Black holes were foreseen in 1783, John Michell postulated that an invisible star could be massive enough to trap light, so called Dark Stars. The idea, expressed only in a Royal Society letter, remained largely unconsidered for a decade.
In 1798, Henry Cavendish, using lead spheres and carefully recorded observations, determined the gravitational constant and the weight of the world. He placed the density of our rock at 5.45 times the density of water, a number that matches well with today’s estimation of 5.51. Cavendish’s calculations of Total Mass were also pretty accurate, 5.97 × 10²⁴ kilograms.
Cosmologists pondered those speculations for 100 years until 1915 when Albert Einstein published the theory of general relativity, predicting spacetime and gravitational curvature or warpability.
A 19-year-old mathematician named Chandrasekhar mathematically proved a star just 1.4 times solar mass (the mass of our sun) will collapse.
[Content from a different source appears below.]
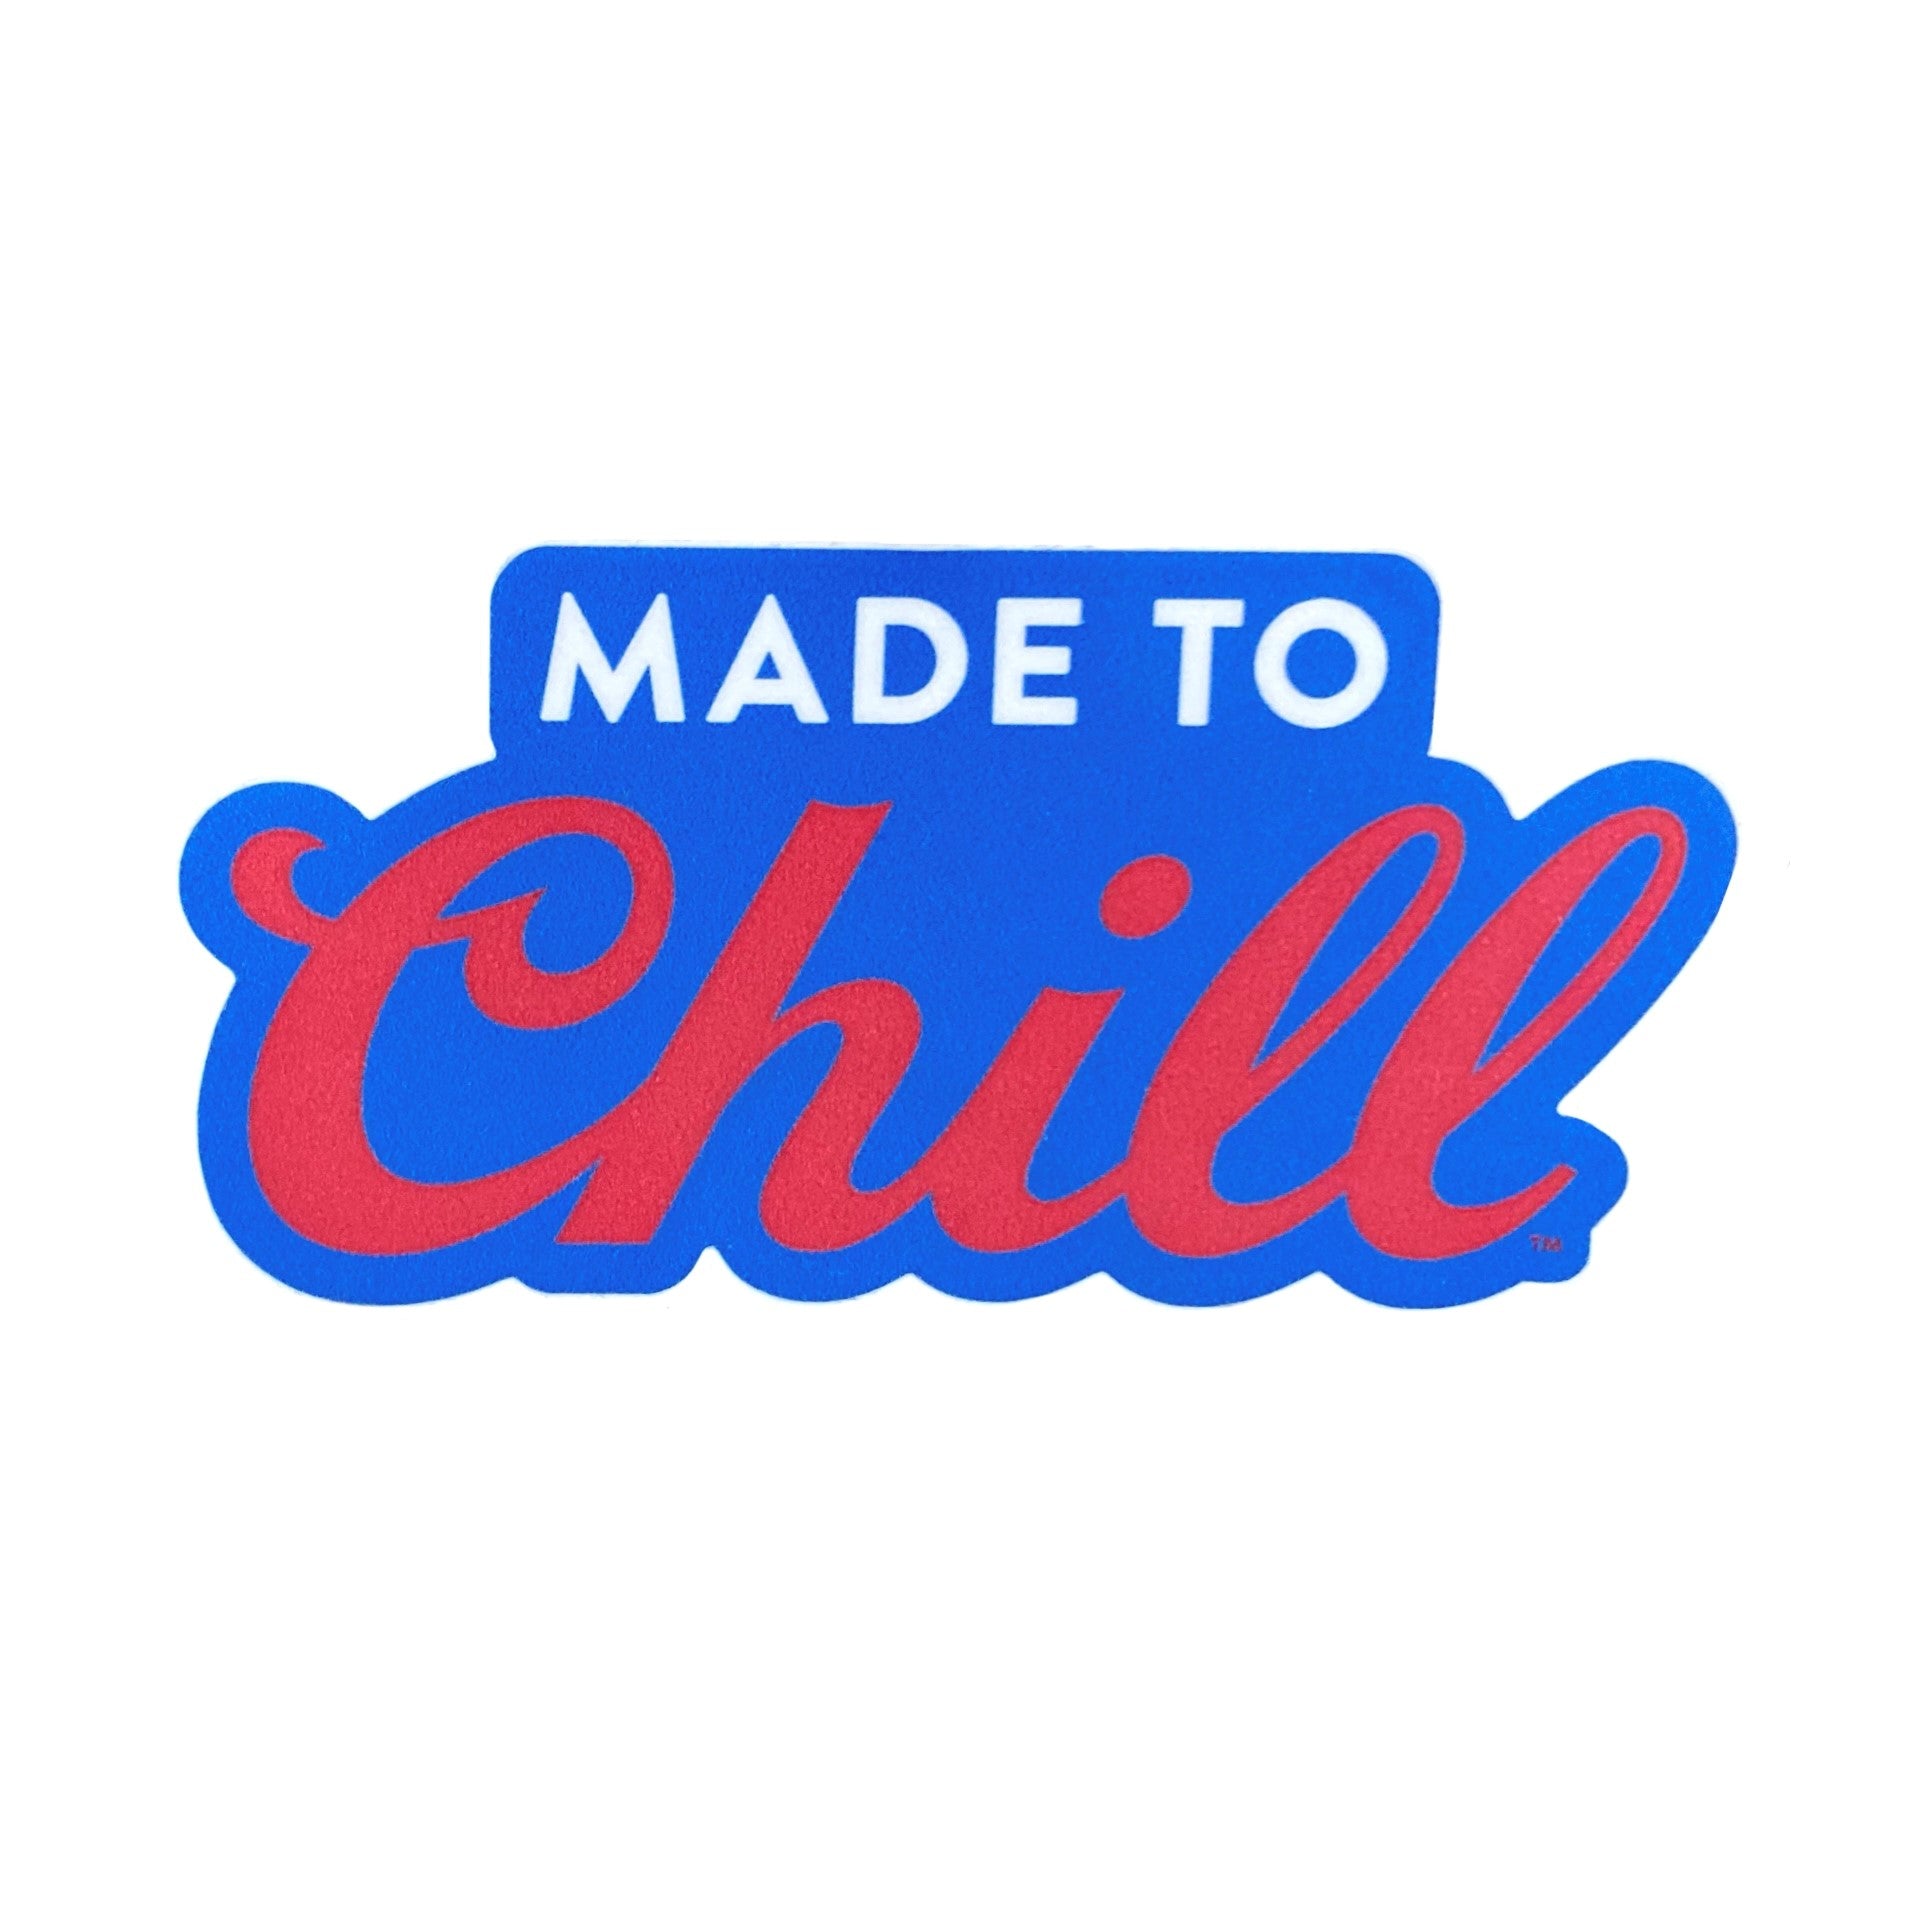 Chill Café | Coffee Shop Logo by Rihan Art on Dribbble

In 1939, Oppenheimer predicted at a collapsing star, provided it retained enough mass, would collapse all the way down to a black hole.
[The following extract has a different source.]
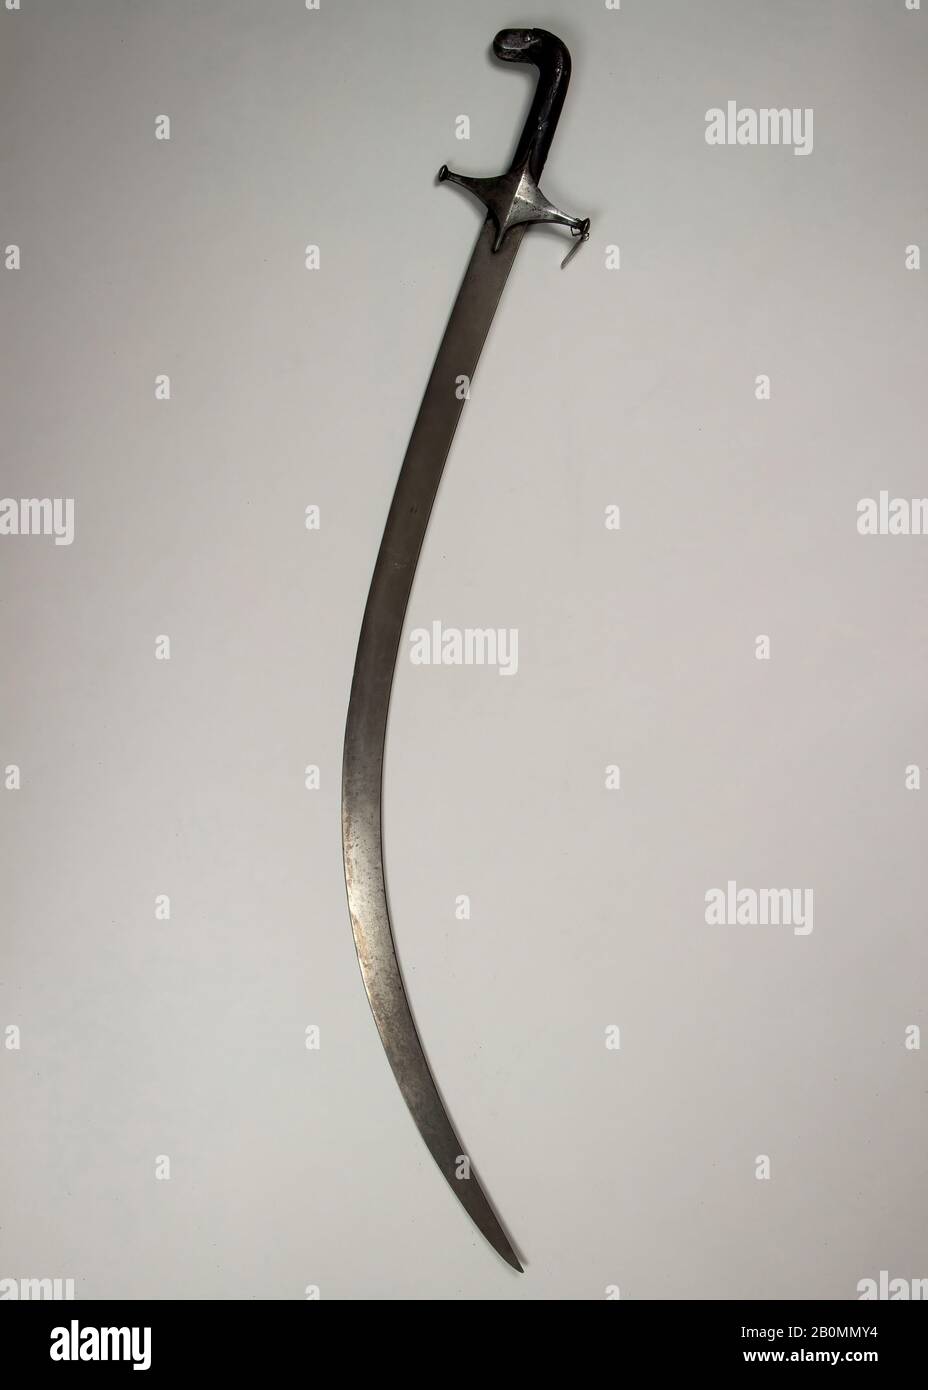 Persian sword -Fotos und -Bildmaterial in hoher Auflösung – Alamy

Back in 1916, Karl Schwarzschild had predicted a flat black hole without charge. Such a black hole probably does not exist. If it exists, a single proton striking it off-center would impart the customary spinning rotation. In 1963, Roy Kerr published the Kerr solution which correctly painted the more correct picture of a violently spinning monster pulling everything inward.
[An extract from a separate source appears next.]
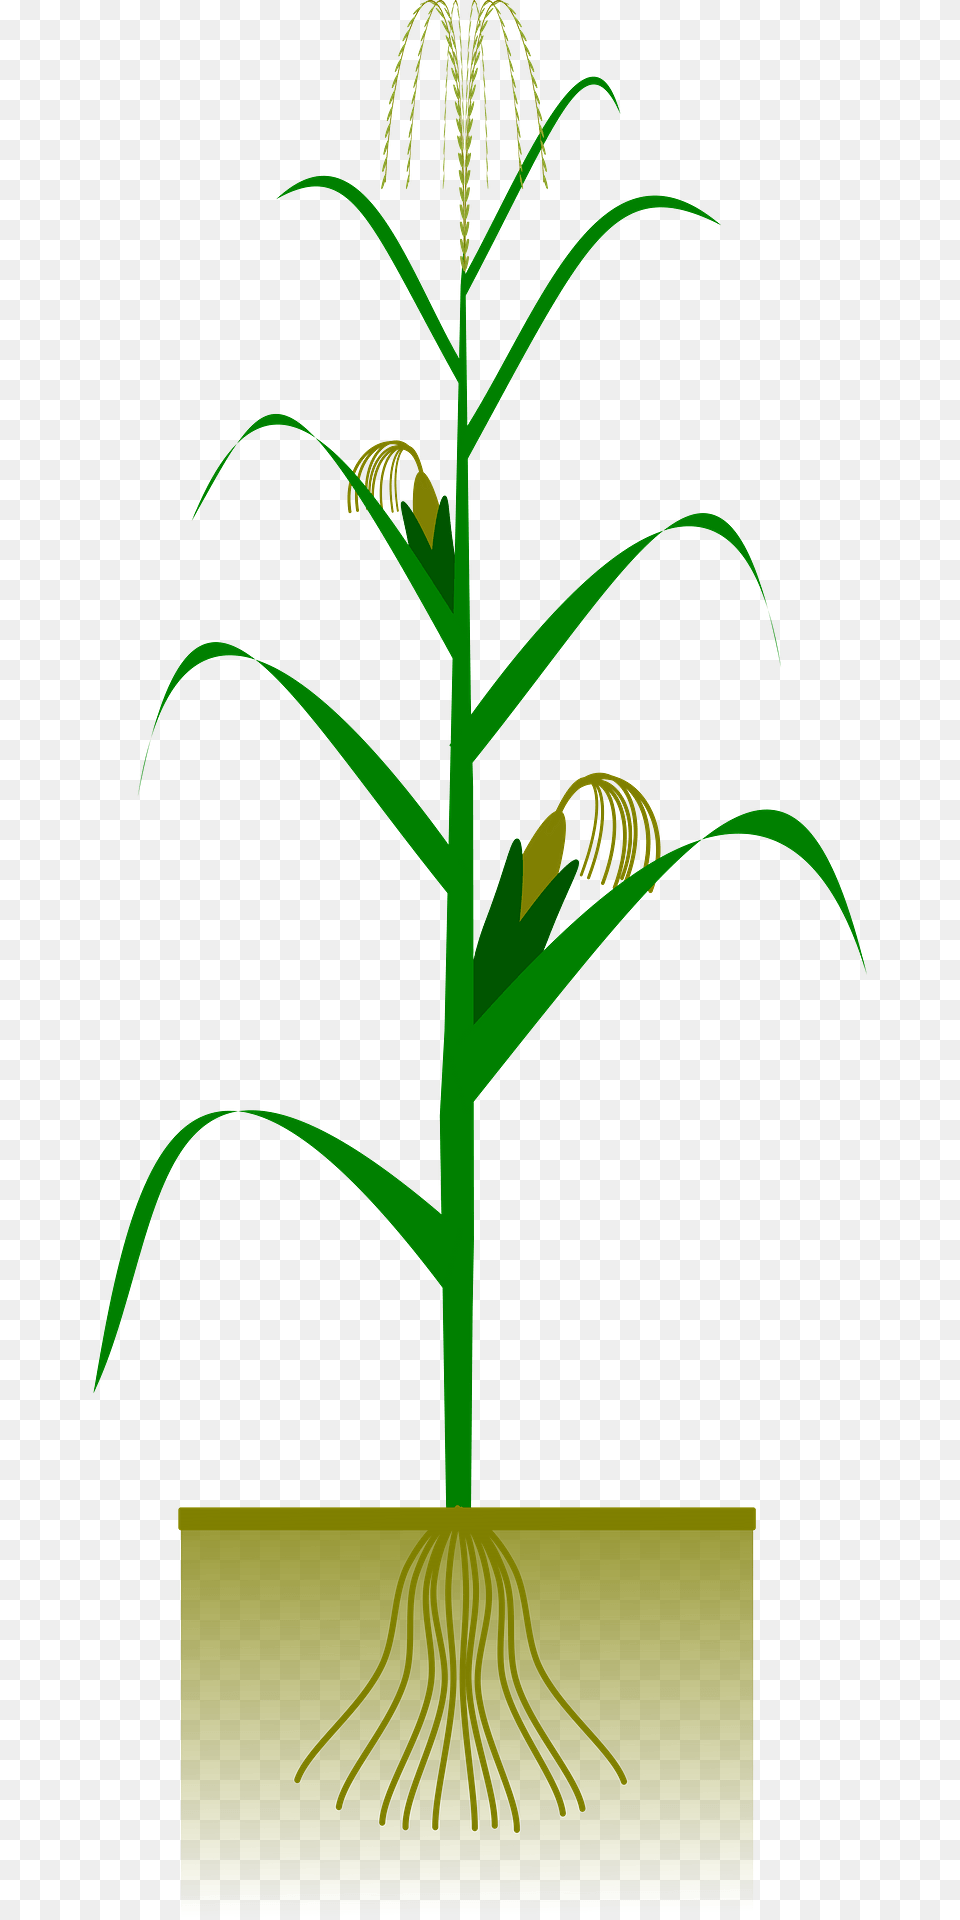 Maize Plant Clipart, Grass, Leaf, Vegetation, Tree Free Transparent Png

In 1971, the first black hole, Cygnus X-1, was first spotted. Stephen Hawking famously played the devil’s advocate and lost a bet as to whether Cygnus X-1 actually was a black hole. Cygnus X-1 is about 21 solar masses and is 7,000 light years away in the northern sky.
Super-massive holes, like Sagittarius A at the heart of the Milky Way, first came into view via the Hubble Space Telescope in 1994.
Be thou aware! We are on the precipice of some amazing revelations.